Na Academia Militar chegava a trocar tempos de lazer por estudos de programação, tendo realizado ainda o curso de paraquedismo civil, mergulho amador e iniciado a competição em provas de tiro desportivo com armas de calibre de guerra – veio a integrar a equipa de tiro do Exército e como tal atleta federado. Após o ingresso no quadro permanente, frequentou engenharia zootécnica na Universidade de Évora, não concluindo.

Ao longo da carreira desempenhou cargos e funções diversificadas, designadamente no âmbito operacional, ensino e formação e de estado-maior. Foi formador das Forças Armadas de Defesa de Moçambique em 1994 e, em Itália, Florença, serviu na Euroforça Operativa Rápida durante três anos.

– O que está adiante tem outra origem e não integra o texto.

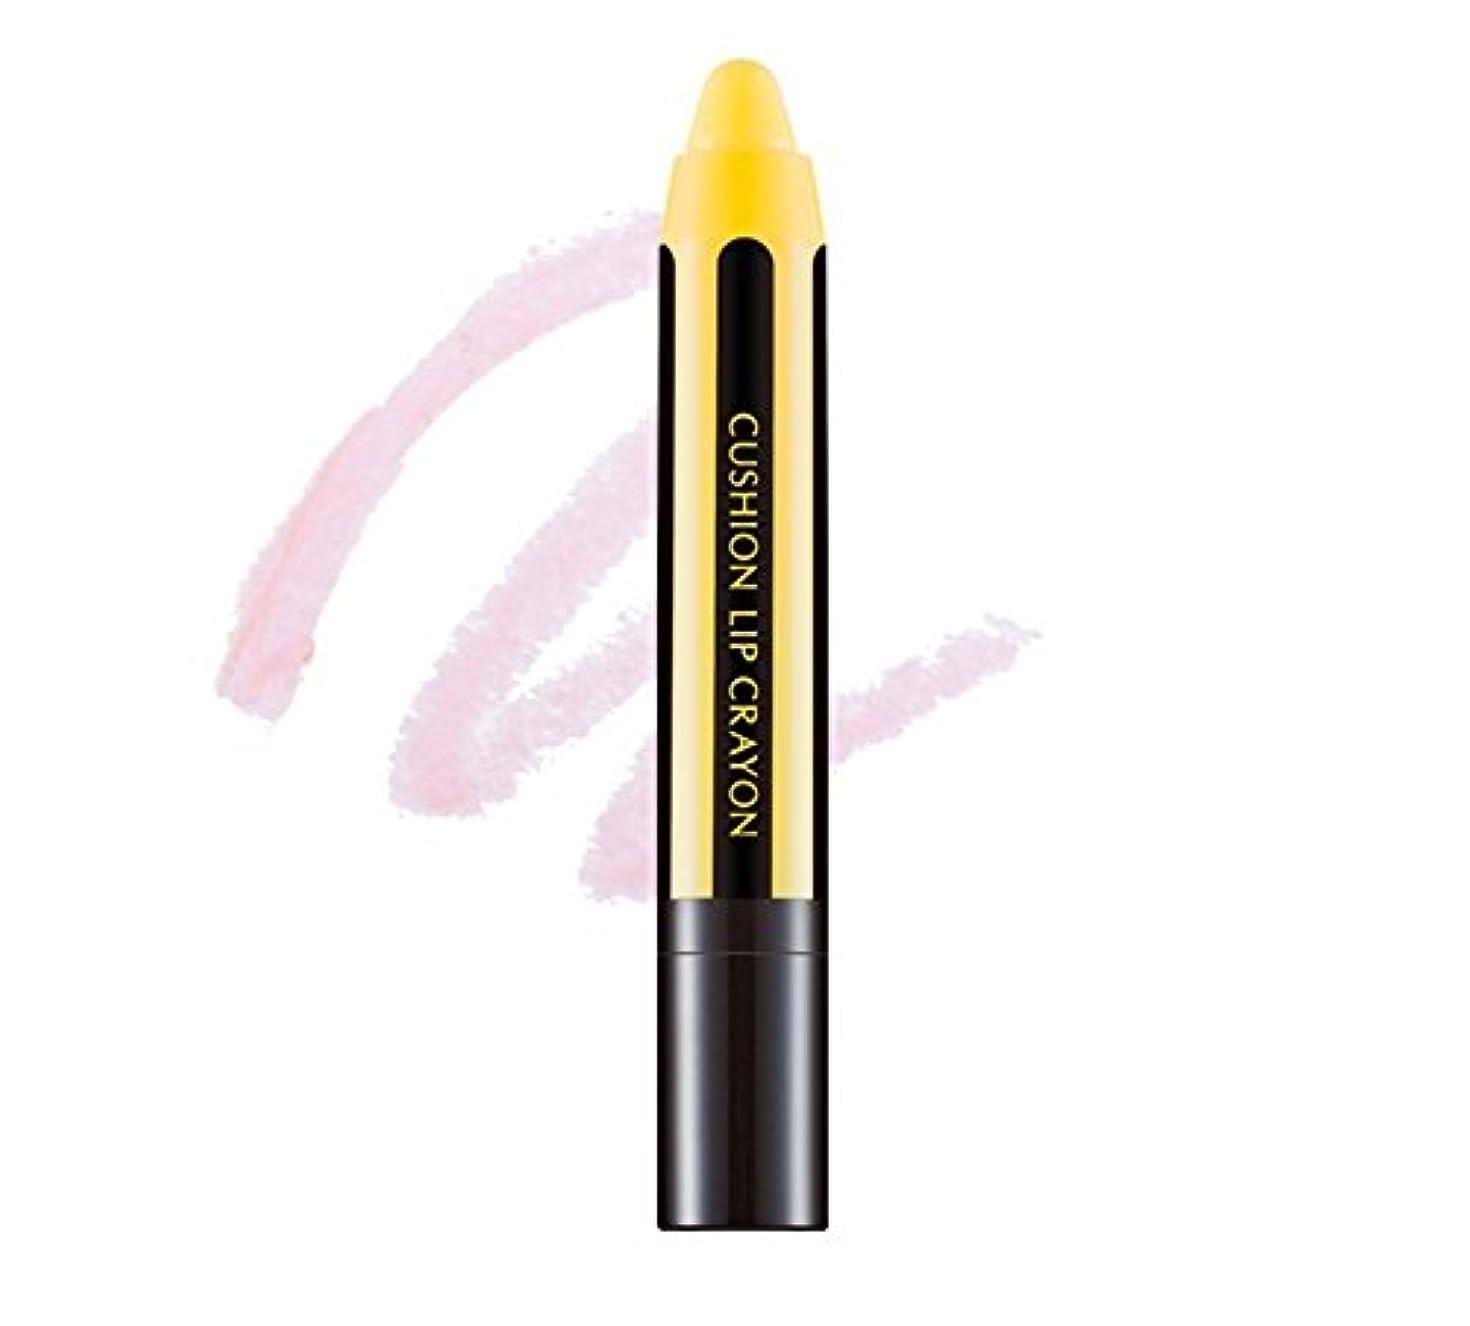 オペレーター実験室結婚する[New] MISSHA Cushion Lip Crayon (#YPK01 : Lemon soda)/ミシャ クッション リップ クレヨン (#YPK01 : Lemon soda)

Foi colaborador assíduo da Revista de Artilharia, apoiou o levantamento do CEISDTAD, do qual é membro fundador sendo, ainda, membro honorário da Associação de Auditores de Defesa Nacional e da Associação de Pupilos do Exército. Assumiu o cargo de CEME no dia 15 de abril de 2016, depois de ter exercido o cargo de Inspetor-Geral do Exército. Da sua folha de serviços constam 23 louvores e inúmeras condecorações, nacionais e estrangeiras. Apresentou a demissão de CEME em 17 de outubro de 2018.



Desde major que conheceu por dentro as maiores alterações organizacionais que ocorreram no Exército depois de 1977. Assim, ao longo de três décadas trabalhou dossiês que o Comando do Exército entendia como necessários e que interpretava como relevantes para a sua modernização. Foi neste desempenho que foi verificando que os recursos que iam sendo disponibilizados obedeciam a uma lógica redutora, ciclo após ciclo governativo. É também esta temática que o livro procura ilustrar.

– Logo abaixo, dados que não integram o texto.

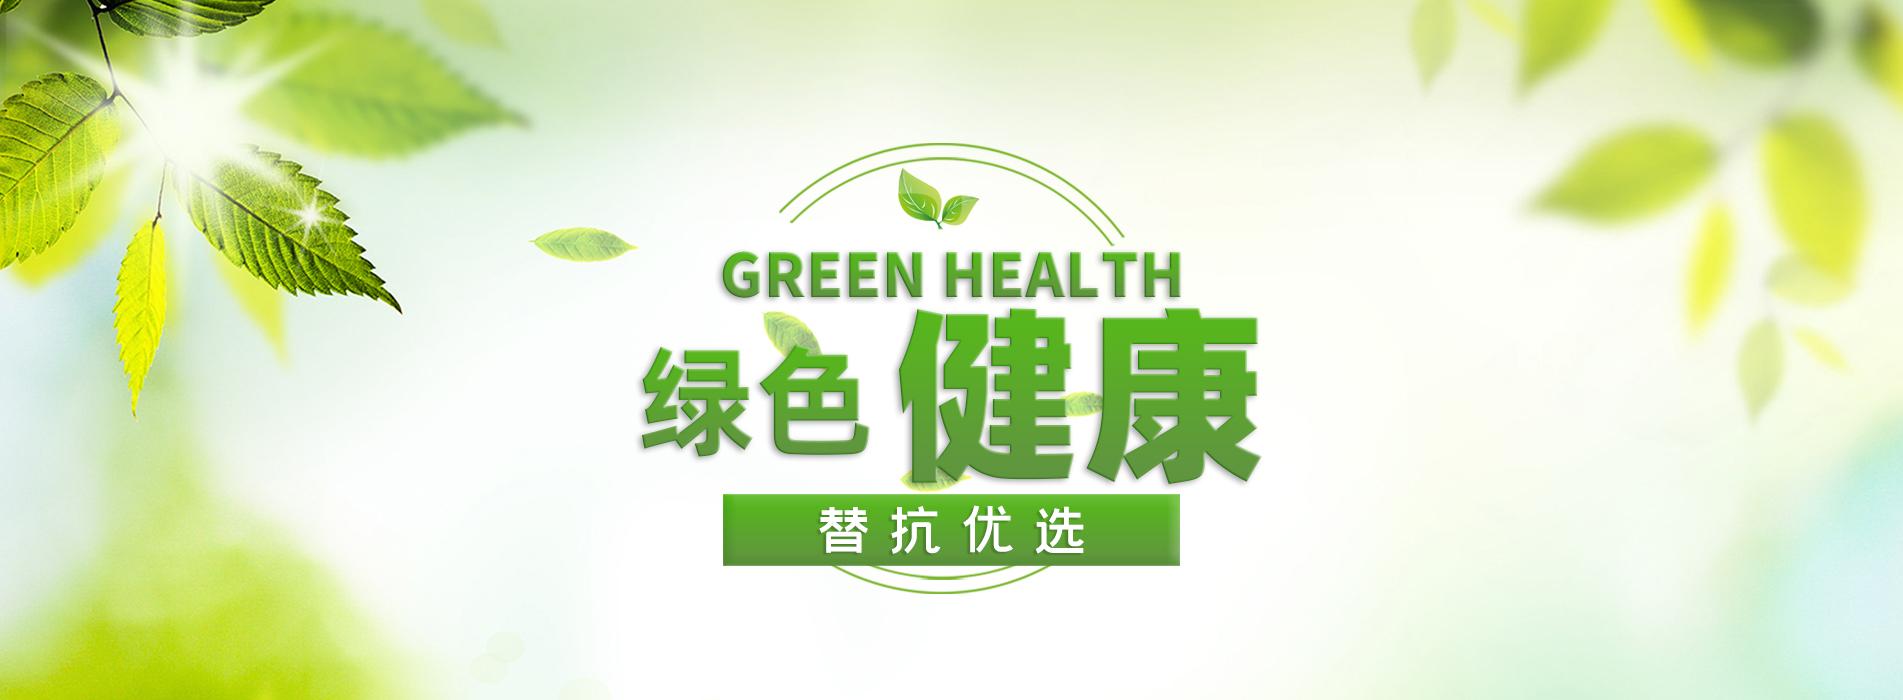 江苏康雅生物科技有限公司

A evolução institucional teve rostos: os chefes de estado-maior do Exército. A ação destes é sumariamente analisada, dando uma ideia dos desafios que se colocavam à instituição e do diálogo estabelecido com o poder político. Ao longo do período em análise são também assinalados factos e omissões que permitem situar o leitor no contexto social, económico, político e militar existente, quer nacional, quer no âmbito das organizações internacionais relacionadas com a segurança e defesa que Portugal integrava.

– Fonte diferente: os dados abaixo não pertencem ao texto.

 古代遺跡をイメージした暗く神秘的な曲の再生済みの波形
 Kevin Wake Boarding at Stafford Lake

Esta abordagem permite perceber, também, os fundamentos subjacentes à abertura de novos teatros de operações mas também o diálogo travado pelos chefes de estado-maior com o poder político no levantamento de capacidades militares. Com recurso às leis de programação militar e das infraestruturas militares, ferramentas estruturantes no processo de renovação de armamento e equipamento, bem como do dispositivo territorial, convida-se o leitor a conhecer melhor o Exército Português no período entre 1974 e 2019.